The use of aluminum alloys in the manufacture of automobile bodies and components has increased in part due to the need to reduce the weight of the vehicles for improved fuel economy. One application for aluminum alloys in the manufacture of automobiles is in the forming of body panels from aluminum alloy sheet stock. For example, hoods, doors and deck lids are formed by stamping an inner panel and an outer panel from suitable aluminum sheet stock. The outer panel forms the decorative and functional outline of the vehicle panel. The inner panel serves a reinforcing function. In the manufacture, then, of such a two-layer construction, the outer sheet is provided with suitable flanges at its edges. The inner sheet is laid against the outer sheet within the flanges, and the flanges are bent against the inner sheet in a hemming operation.

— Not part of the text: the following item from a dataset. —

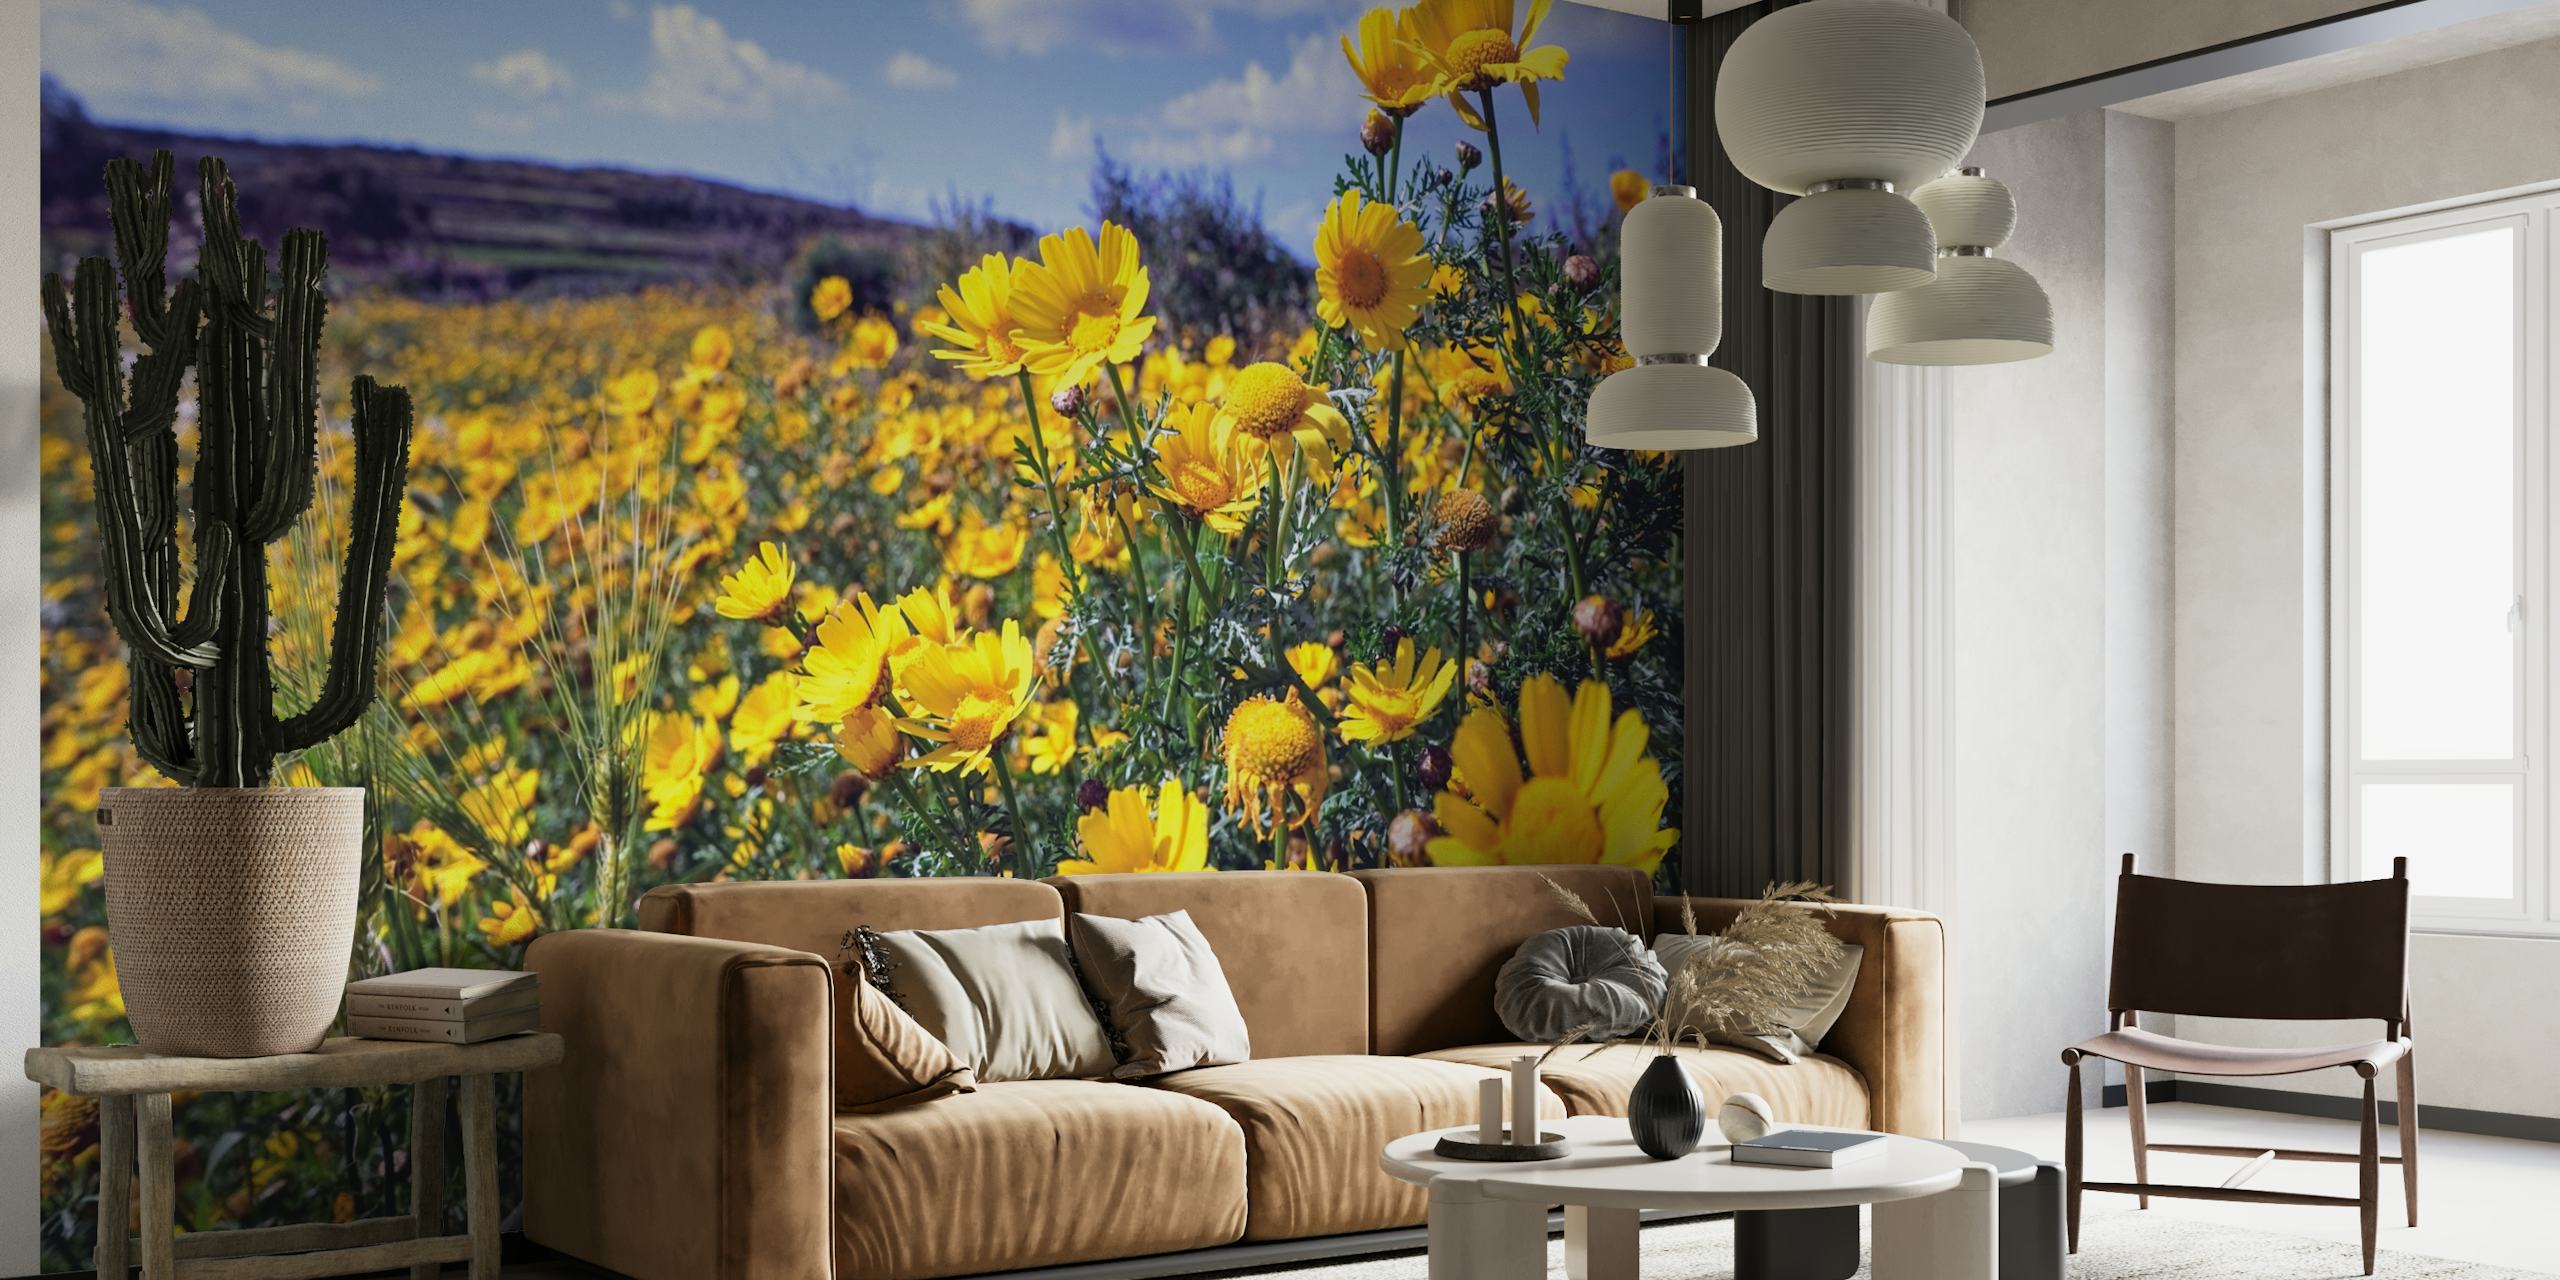 Sunlit Daisy Flower Fields mural with vibrant yellow daisies against a bright blue sky

A series of aluminum sheet alloys have been developed which are strong and hard due to the presence of precipitated, finely divided hardening particles. One such series is the AA2XXX series in which small amounts of copper and magnesium, for example, are added to the aluminum alloy to contribute to hardening particle formation. Another series is the AA6XXX series where silicon, magnesium and copper are added for hardening. A third series is the AA7XXX series where zinc, magnesium and copper, for example, are added as hardening constituents. These alloys are well known and commercially available. They are formed into sheet stock from cast billets by a suitable sequence of hot rolling and cold rolling operations. Usually at the finish of the sheet forming/rolling operation, the sheet material is heated to dissolve in solid solution the small amounts of prospective hardening particles or transition phases such as Mg2 Si or GP zones (e.g., in the 6XXX series) and the like. The sheet is then quenched to retain such secondary phases in an unstable solution. The quenched material may be allowed to age at room temperature, whereupon the dissolved hardening constituents slowly reprecipitate in a very finely divided state to strengthen and harden the sheet. Such room temperature-aged alloys are usually identified as having a T4 temper designation. In some cases, the alloy is reheated after the quenching operation to induce reprecipitation of the hardening phases. The alloy is then designated as being in a T6 temper condition. The T6 alloys are usually stronger and harder than the T4 alloys. The terms "age hardening" and "precipitation hardening" are used interchangeably herein to include aluminum alloys aged at room temperature and alloys heated above room temperature to accelerate or increase the strengthening and hardening effect.
Thus, when an automobile body panel is formed from an aluminum alloy such as AA6111-T4, it is in an age-hardened condition. The properties of the alloy are a compromise which enable it to undergo suitable stamping and drawing operations and the like for shaping into a body panel and yet provide suitable strength and hardness in the finished panel.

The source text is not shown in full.